Паутина удачи
Шрифт:
«Его высокоблагородию начальнику объединенного ремонтного управления путей…»
Береника улыбнулась. Хорошее начало, правильное, от него сразу дышится проще, будто юг уже рядышком. Что дальше? Указания на нынешнее местонахождение поезда, на то, как идет ремонт участка. Тоже неплохо. Надо лишь выбросить нелепое упоминание «моим радением» и вставить правду. Рабочие графики составляет начпоезда, он в людях прекрасно разбирается. Береника достала чернильницу, резко выдохнула, отбрасывая последние сомнения. Зачеркнула слова, лишая себя возможности оставить все как есть, и взялась усердно скрипеть пером, внося новые заметки ровным бисерным почерком поверх дедовых неодинаково наклоненных, подрагивающих и покачивающихся букв. «Не хотел ведь писать», – осознала Береника причину окончательной
Закончив переиначивать текст, девочка прочла его повторно. Попробовала представить, что она – дед Корней. Стал бы он так писать? Вот тут и тут – нет, не его речь. Снова пришлось менять. И опять. Потом проверять рукой: не болит ли внутри, за ребрами, не грозит ли бедой?
Гармошки за тонкой стенкой вагона утомились и попритихли, праздник сместился к хвостовым вагонам. Там, вдали, хохотали, пьяно орали песни не в лад, ругались, затевая ссоры. Временами слышался характерный низкий рык Михея: явно лез разнимать. Береника кусала губу и уговаривала себя не спешить. Нельзя. Самое ответственное дело осталось – начисто переписать. Почерк дедов она знает в точности. Год назад Корней руку повредил, и она писала все лето за него отчеты. Даже расписывалась. И за Михея писала прошения да расходные бумаги на уголь, шпалы, инструмент. С грамотой у нее все ладно, в забытой прежней жизни явно были учителя. И даже наверняка, настоящая школа. Может, она в городе жила… Да и в нынешней жизни учат усердно, спасибо жене начпоезда.
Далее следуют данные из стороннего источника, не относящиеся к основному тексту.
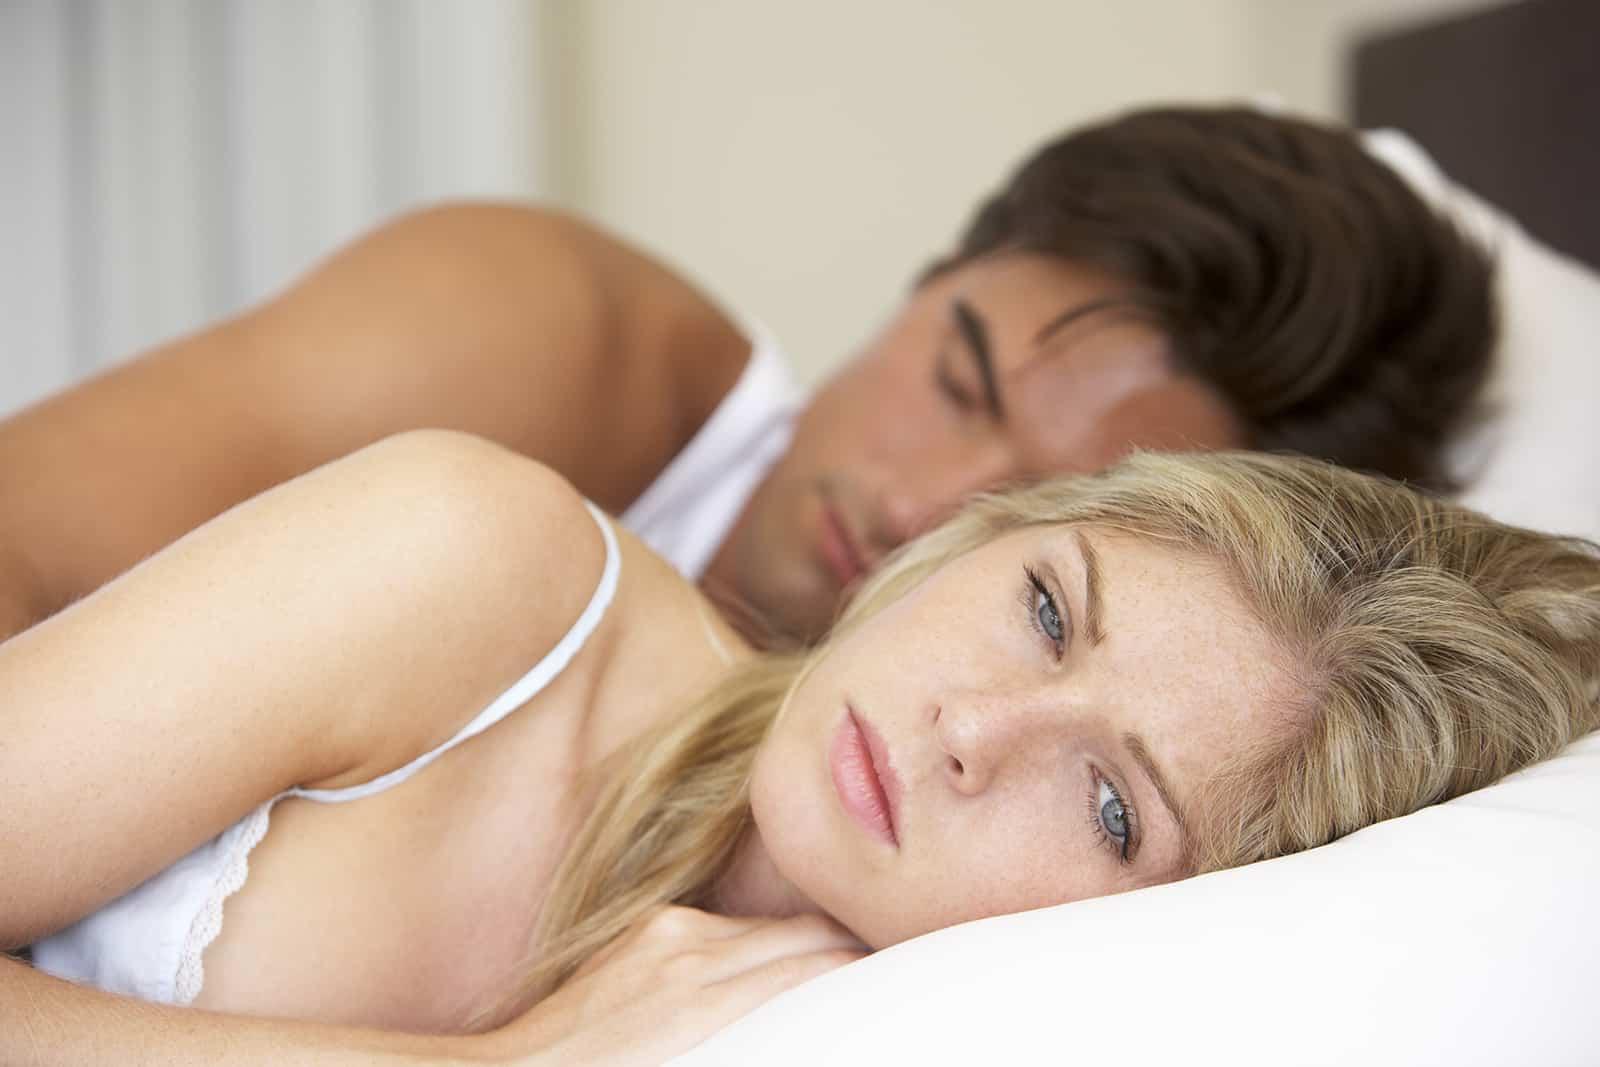 besorgte Frau, die neben ihrem schlafenden Ehemann im Bett liegt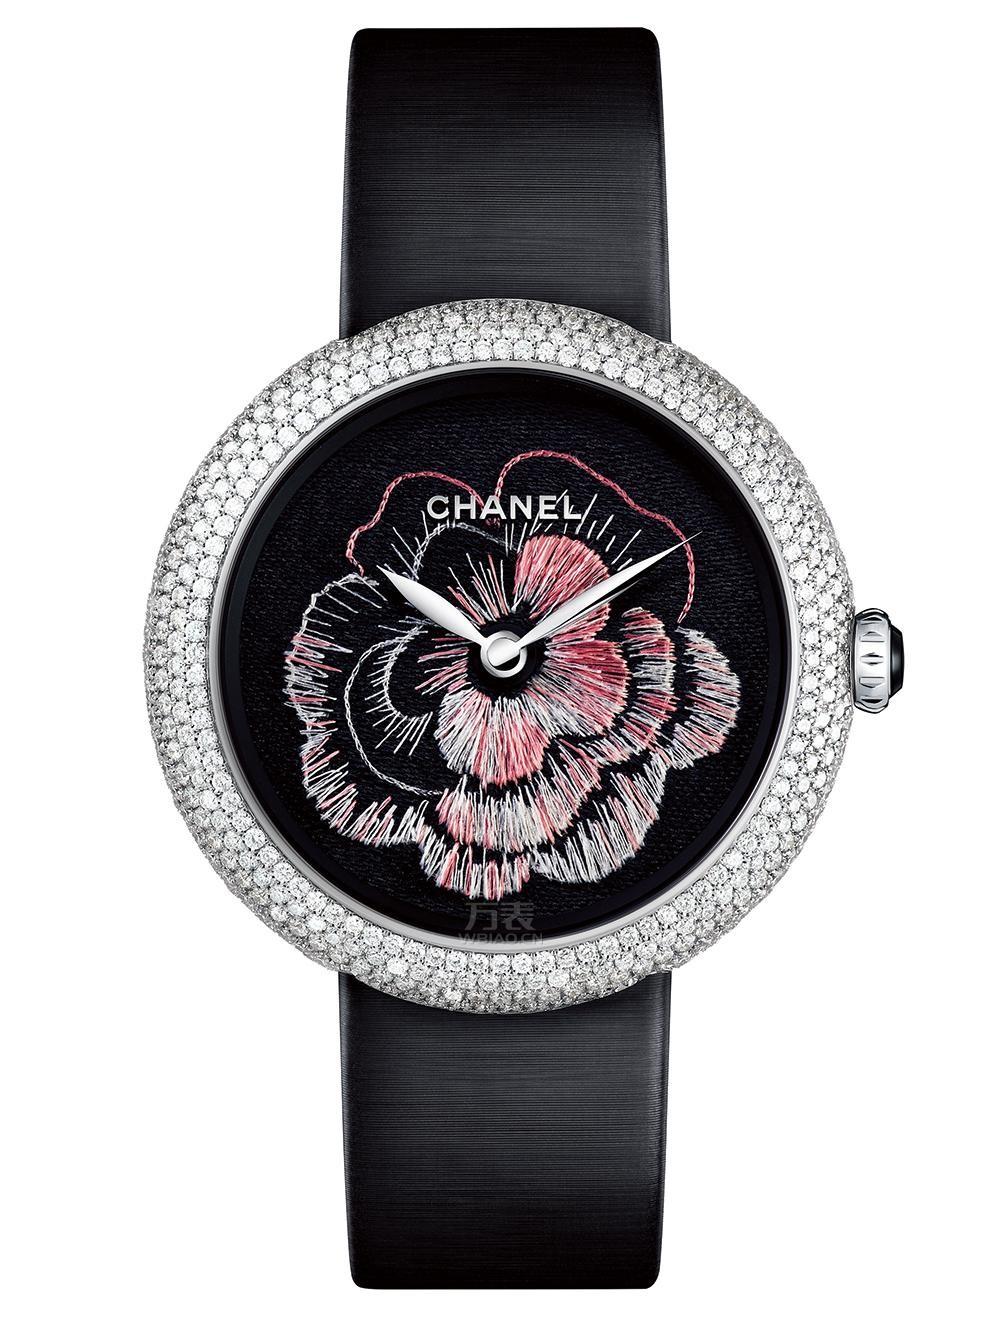 香奈儿Mademoiselle Privé系列Camélia Brodé针画刺绣山茶花腕表

Рядом со старым, замаранным исправлениями до нечитаемости письмом легло новое. Красивое, с ровными буквами, не пытающимися горбиться и таиться. Береника несколько раз погладила подушечками пальцев самые важные строчки, где указывалось на опыт дяди Миши и на его умение организовать работу. Ей показалось, что теперь строчки стали выглядеть притягательнее, на них взгляд задерживается сам.
– Хорошо я придумала, – похвалила себя Береника. – И дед именно так бы хотел написать. Он правду любит, просто осерчал. Надо было мне самой табак ему отдать, а так – у Короля из рук взял и снова нашел повод для обиды.
Вписанными внизу строчками, последними, девочка гордилась особенно.
«Один я себя не жалею ради блага страны. Готов с любым начальником работать, даже и худшим, лишь бы делу в пользу шло. Иные же боятся отеческой опеки нашего Михаила Семеновича лишиться, посему молчат и тем в могилу его сгоняют, как разбойники».
Дед однажды сказал именно эти слова, и она запомнила. Памятливость ее очень кстати нынче пришлась.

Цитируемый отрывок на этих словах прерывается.